Volume 18 • Issue 11 | August 5 - 11, 2005

Tribecans appeal city’s Decision on diesel fuel

By Ronda Kaysen

Tribeca residents fuming about the city’s call to legalize diesel fuel stored in a nearby building have taken their grievances to another city agency in hopes the decision will be overturned.

The 60 Hudson St. building, between Worth and Thomas Sts., stores generators and cooling equipment for its telecommunications tenants along with upwards of 80,000 gallons of diesel fuel, which critics maintain make the building a potential terrorist target in this densely populated residential neighborhood.

A few blocks south of the Art Deco structure, 7 World Trade Center stored half as much diesel fuel when it caught fire on Sept. 11, 2001. Fed with diesel, an uncontrollable blaze brought the building down.

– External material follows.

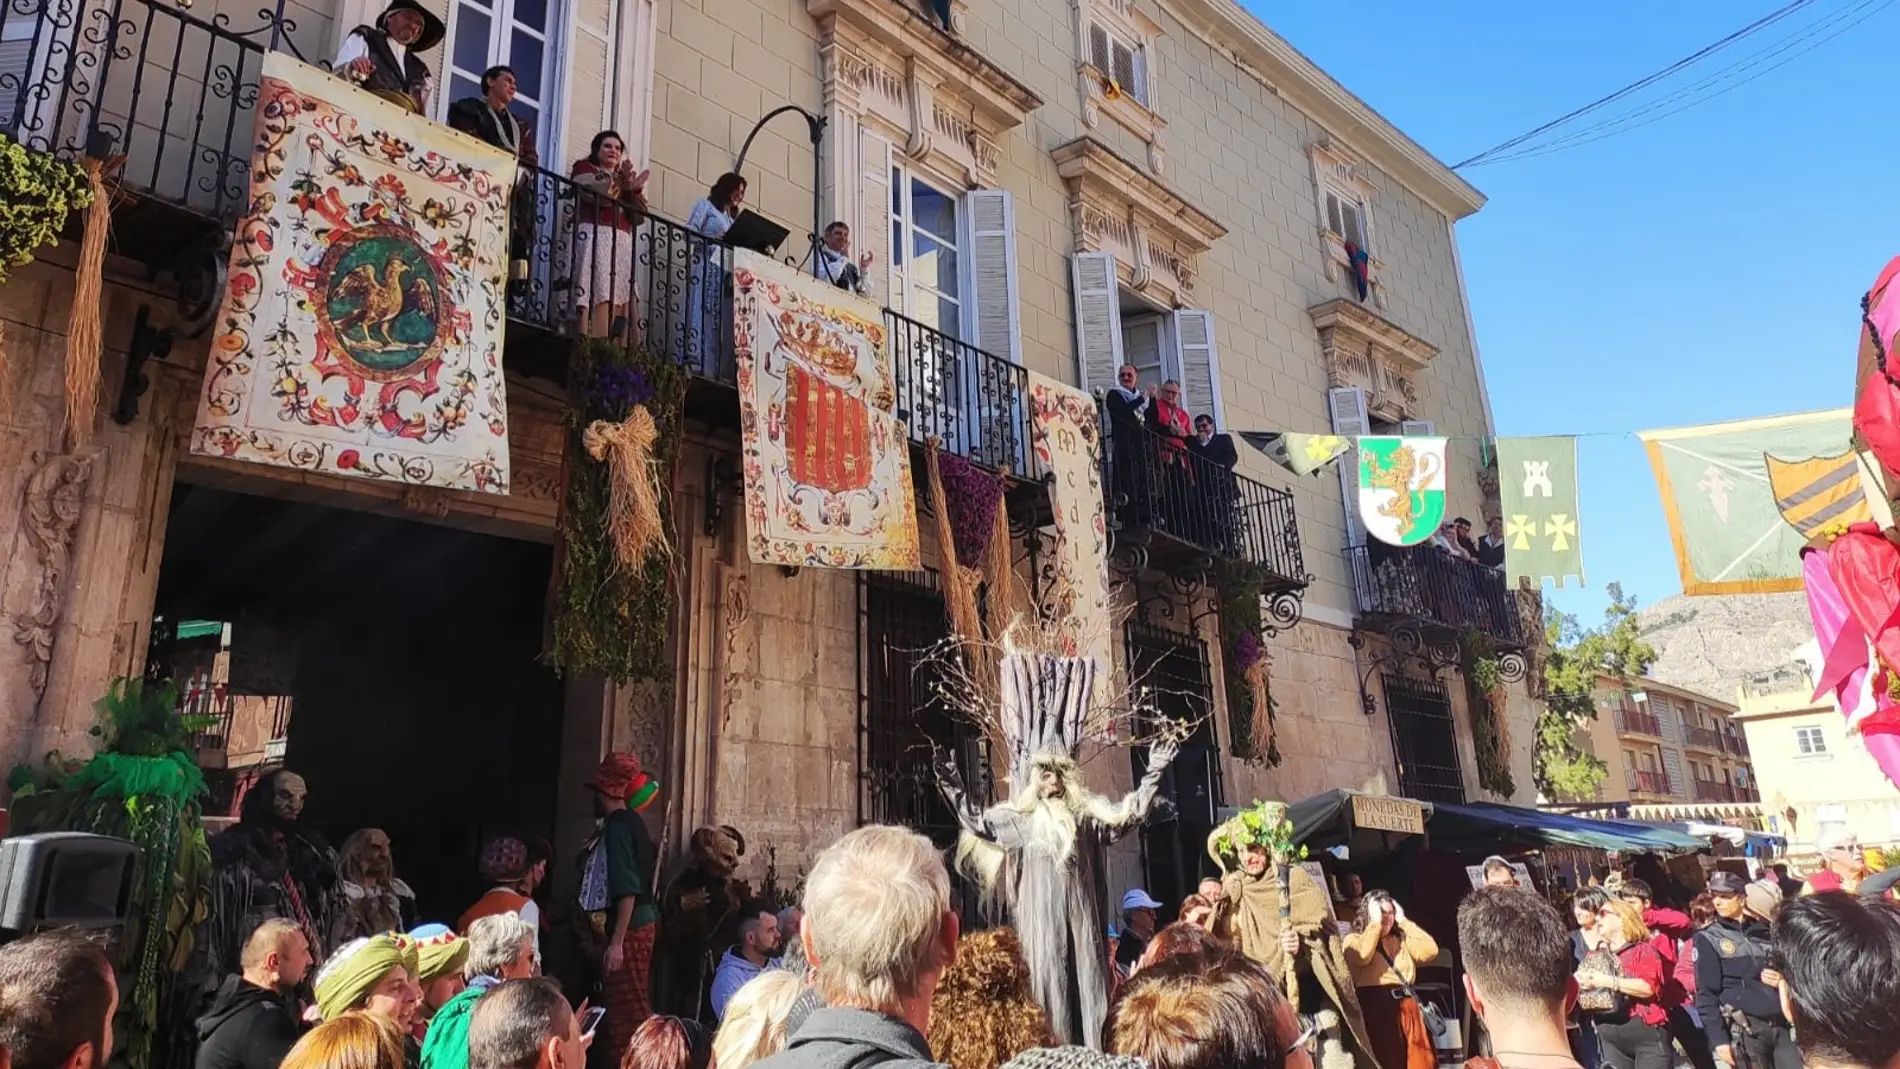 El casco histórico de Orihuela acoge este fin de semana el Mercado Medieval con novedades

In June, the city’s Department of Buildings granted 60 Hudson St.’s owners, GVA Williams, a variance for the 6,400 gallons currently stored illegally above ground. The bulk of the fuel is stored in a subterranean level and not subject to the city’s building code.

Last week, a coalition of residents called Neighbors against N.O.I.S.E. filed an appeal with the city’s Board of Standards and Appeals. The board has the jurisdiction to overrule a Buildings Dept. decision.

“This was a precipitous action by the Dept. of Buildings that really did not consider the entirety of what’s in the building,” said Tim Lannan, president of N.O.I.S.E. “So long as they continue to focus on the six floors they miss the opportunity to consider changes that would make the entire building safer.” The June 29 variance addressed fuel stored on six of the buildings 25 stories.

Residents are appealing the variance on the grounds that a building of this type has no place in a residential neighborhood, the variance was granted on a landmark building without consulting the Landmarks Preservation Commission, the decision poses a danger to the neighborhood and the hardship that instigated the variance was “self created” by the owners, Norman Siegel, an attorney for the residents, said. A hearing date for the appeal will be set once B.S.A. reviews the appeal.

“We stand by our decision to grant the variance,” said Jennifer Givner, a spokesperson for the Buildings Dept. “We’ll use the opportunity of a [B.S.A.] hearing to explain our rationale behind our determination.”

Representatives for GVA Williams did not return calls for comment.